Issue
I have to scrape this data
- The name of the company that is hiring
- The location of the company
- The position that the ad is for
This is the website that I want to scrape from link. I was able to get td data but I need to start from a specific td tag (i.e start from this tr tag)
<tr style="height:14px"></tr>
<tr class='athing' id='20463814'>
<td align="right" valign="top" class="title"><span class="rank"></span></td> <td></td><td class="title"><a href="https://mino-games.workable.com/j/69BCF95C8F" class="storylink" rel="nofollow">Mino Games (YC W11) Is Hiring Game Developers in Montreal</a><span class="sitebit comhead"> (<a href="from?site=workable.com"><span class="sitestr">workable.com</span></a>)</span></td></tr><tr><td colspan="2"></td><td class="subtext">
<span class="age"><a href="item?id=20463814">11 hours ago</a></span> </td></tr>
and then keep on moving towards other tags and at the same time keep getting the data of company name, location and position in a separate variable.

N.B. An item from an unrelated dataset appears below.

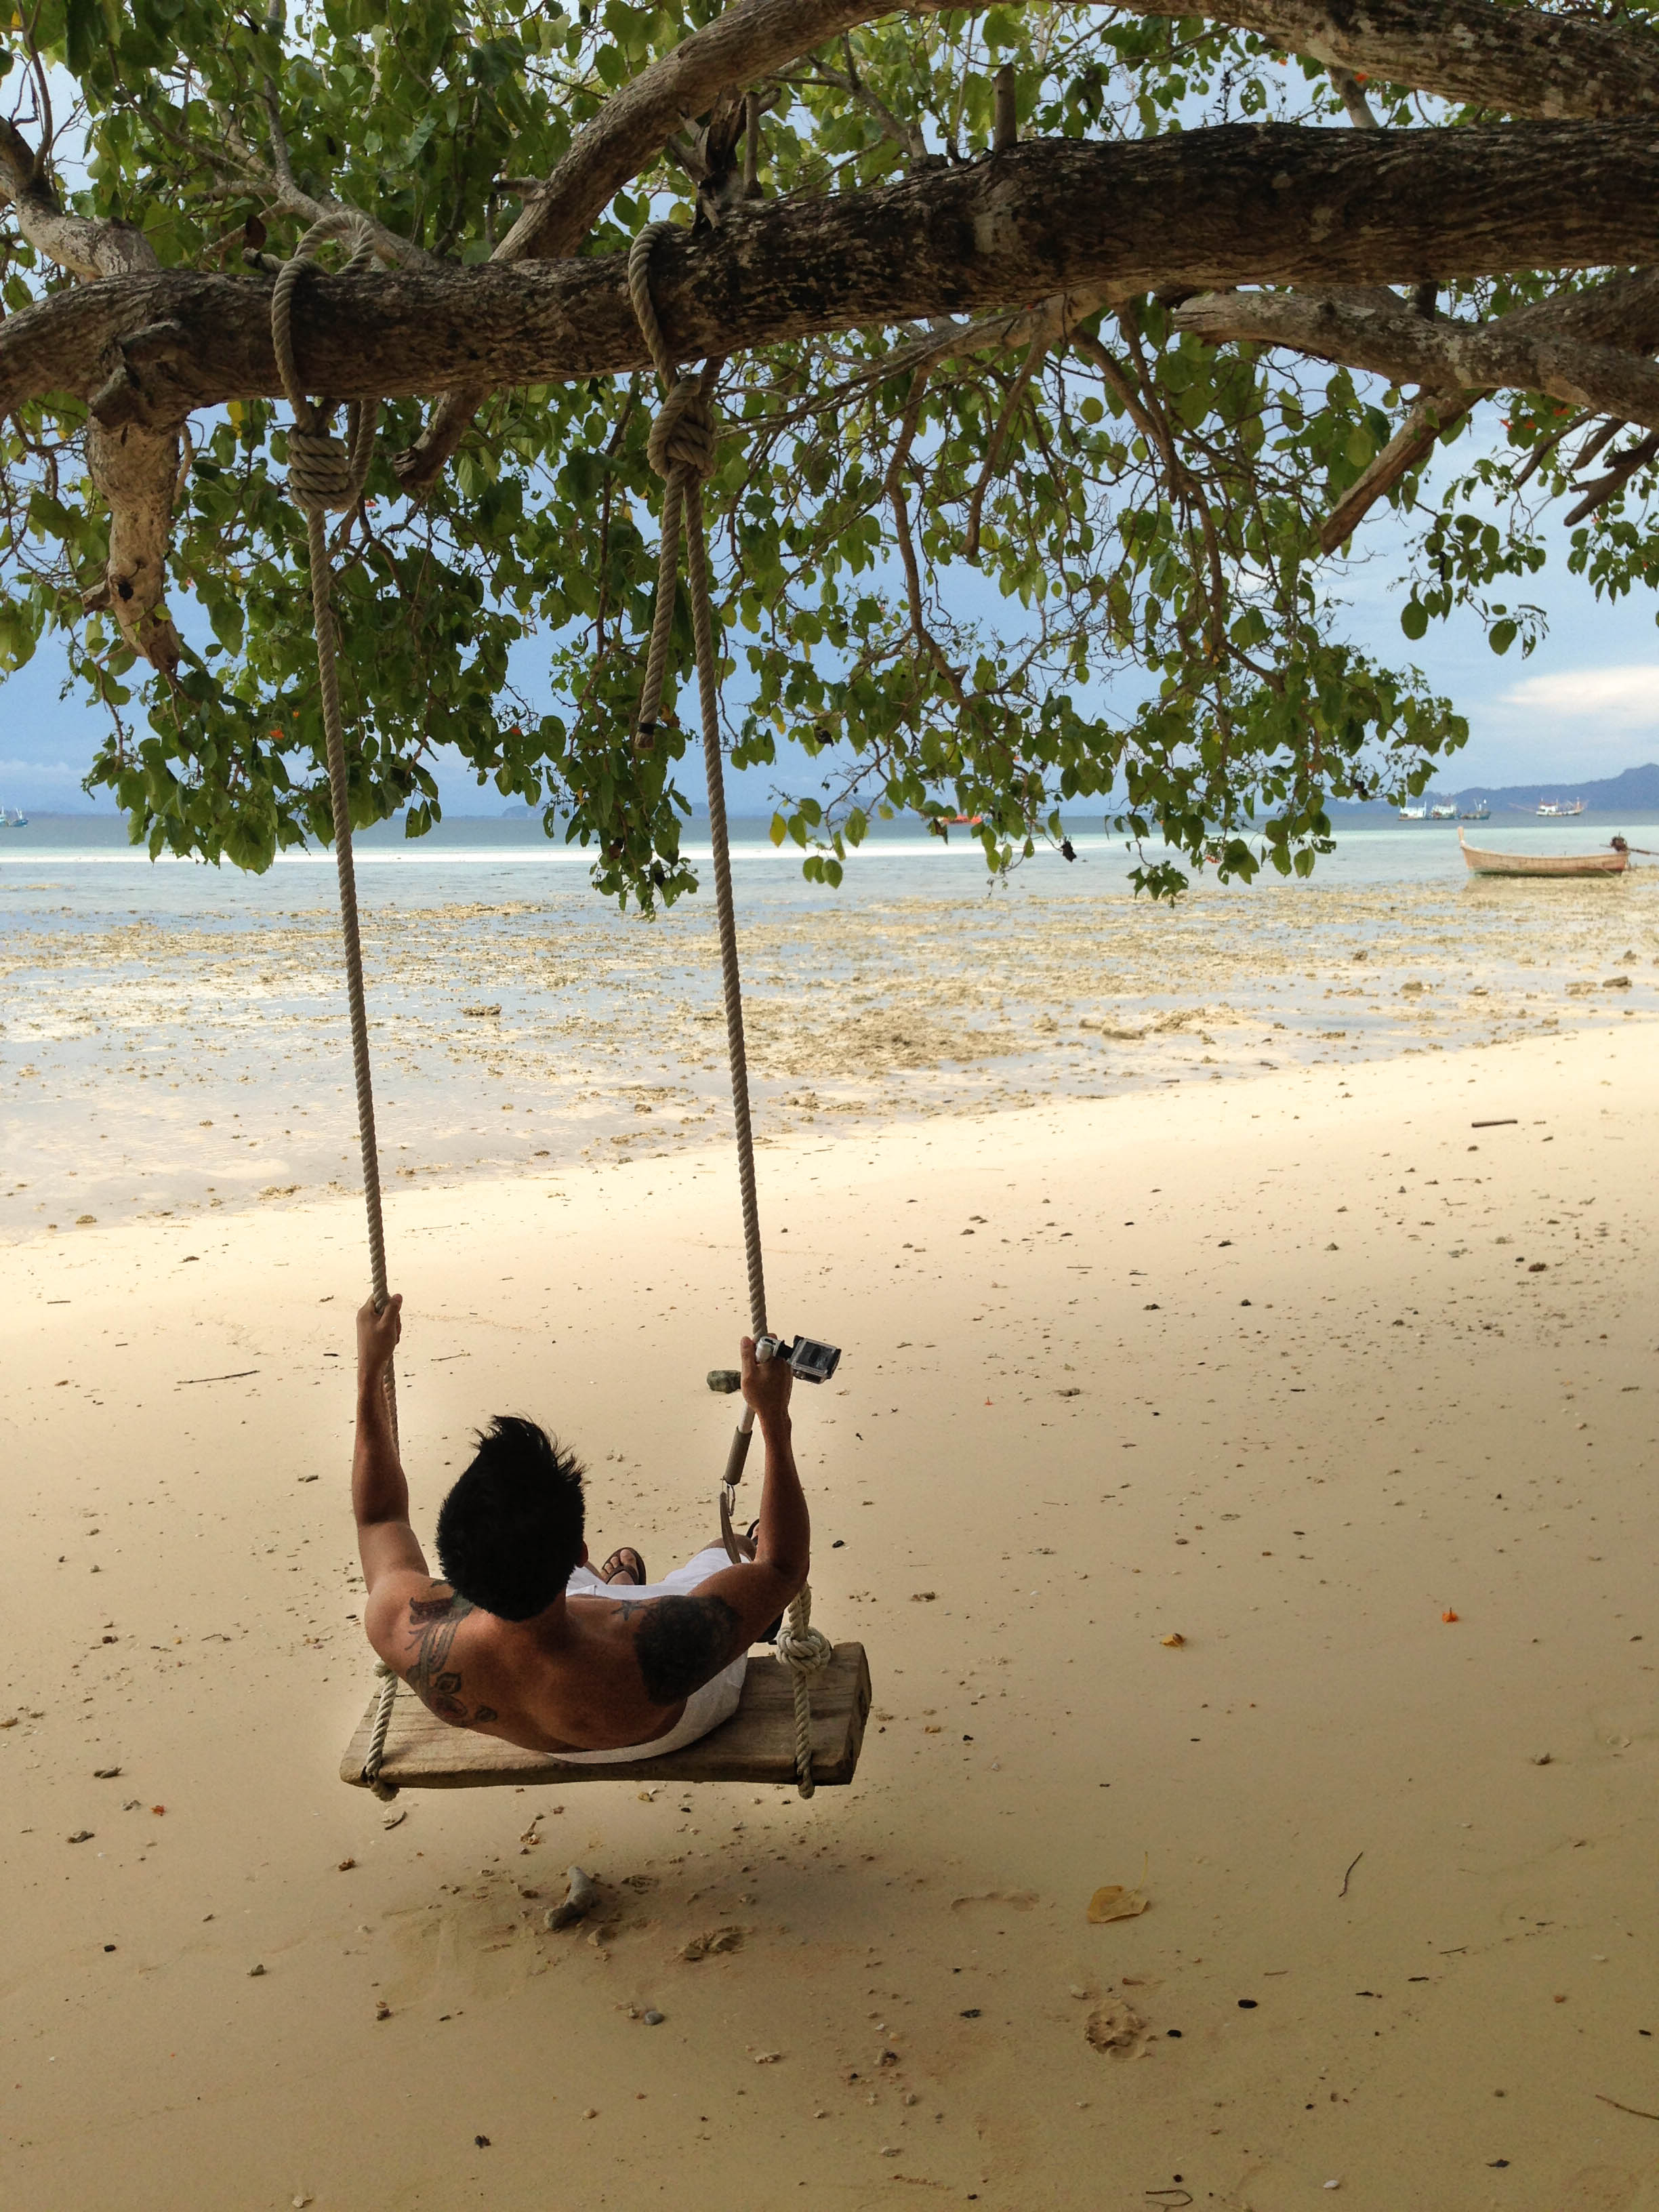 boy in swing on sandy beach on koh kradan island
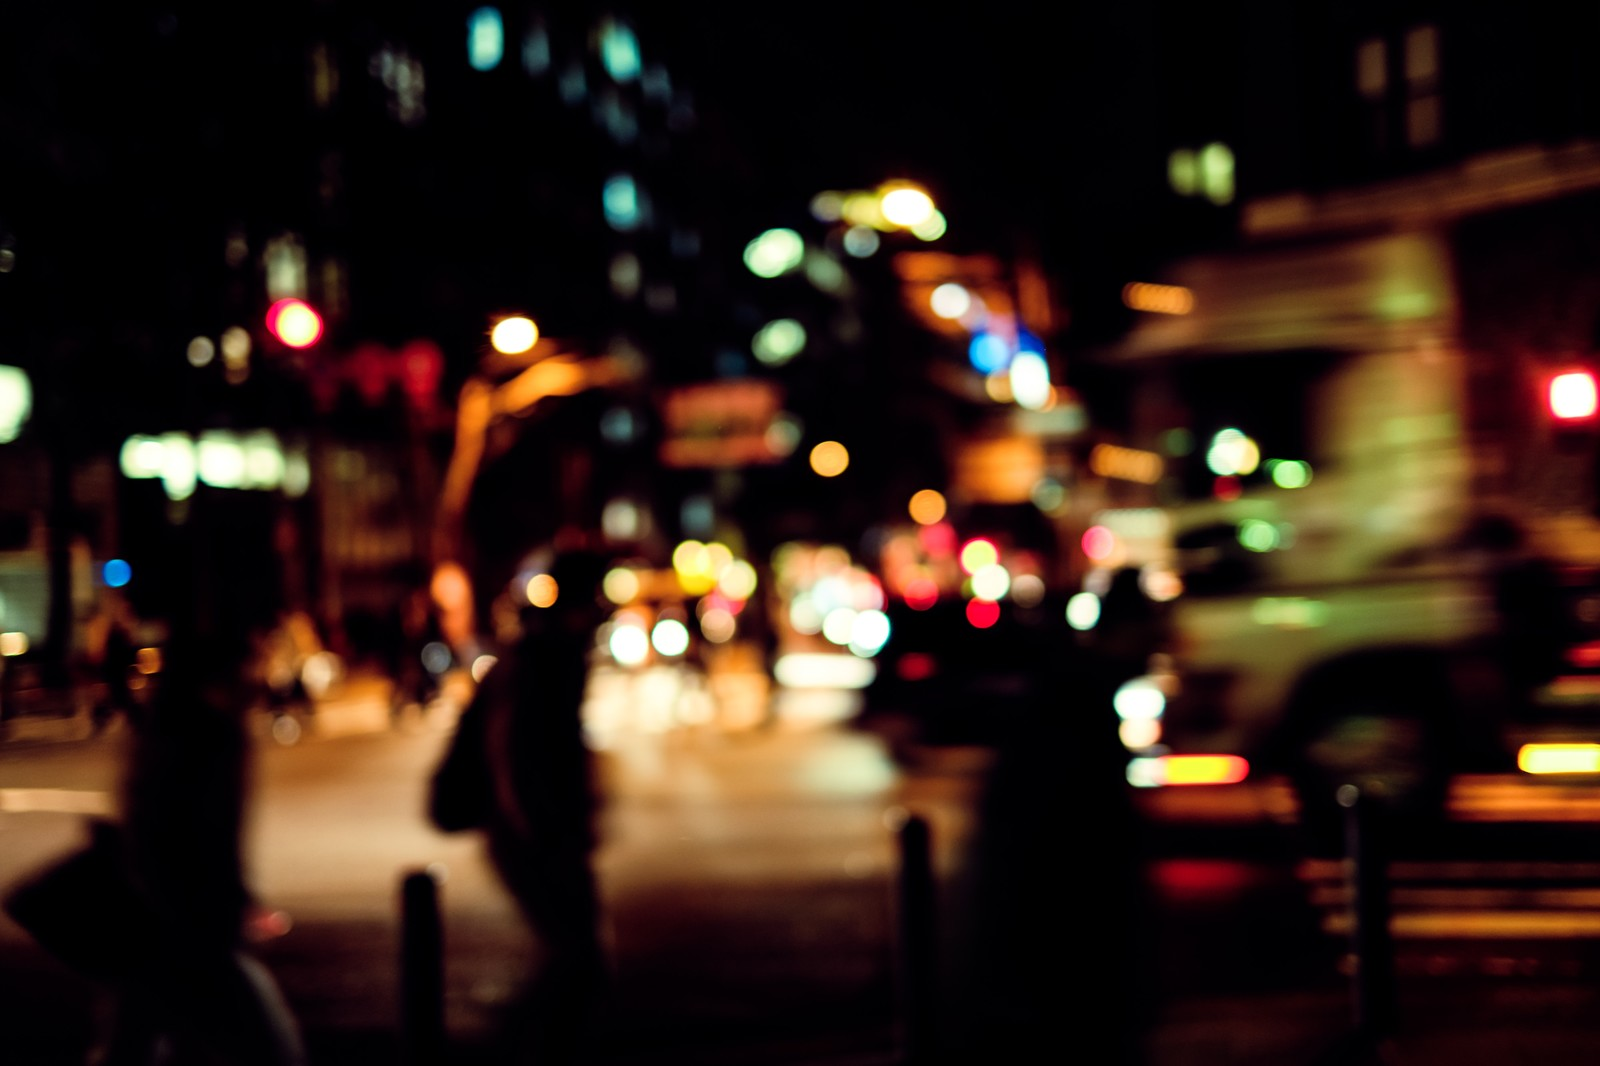 「帰宅者と交通量の多い大通り」の写真

I know it's a lot to ask for but I would appreciate any help that you can provide.
this is what I tried:
import requests
from bs4 import BeautifulSoup
url = 'https://news.ycombinator.com/jobs'
plain_html_text = requests.get(url);
soup = BeautifulSoup(plain_html_text.text, "html.parser")
table_body = soup.find('tbody')
rows = soup.find('tr')
for row in rows:
cols = row.find_all('td')
cols = [x.text.strip() for x in cols]
print (cols)
Solution
What you want is not easy problem, but this script could get you started:
import re
import requests
from bs4 import BeautifulSoup
url = 'https://news.ycombinator.com/jobs'
plain_html_text = requests.get(url);
soup = BeautifulSoup(plain_html_text.text, "html.parser")
rows = []
for title in soup.select('.title:not(:has(.morelink)) .storylink'):
t = title.get_text(strip=True)
company = re.findall(r'^(.*?)(?:is hiring|is looking|seeking|hiring)', t, flags=re.I)
if company:
company = company[0].strip()
else:
company = '-'
position = re.findall(r'(?:is hiring|is looking|seeking|hiring)(.*?)(?=\bin\b|$)', t, flags=re.I)
if position:
position = position[0].strip()
else:
position = '-'
location = re.findall(r'(?:\bin\b)(.*)', t, flags=re.I)
if location:
location = location[0].strip()
else:
location = '-'
rows.append([company, position, location])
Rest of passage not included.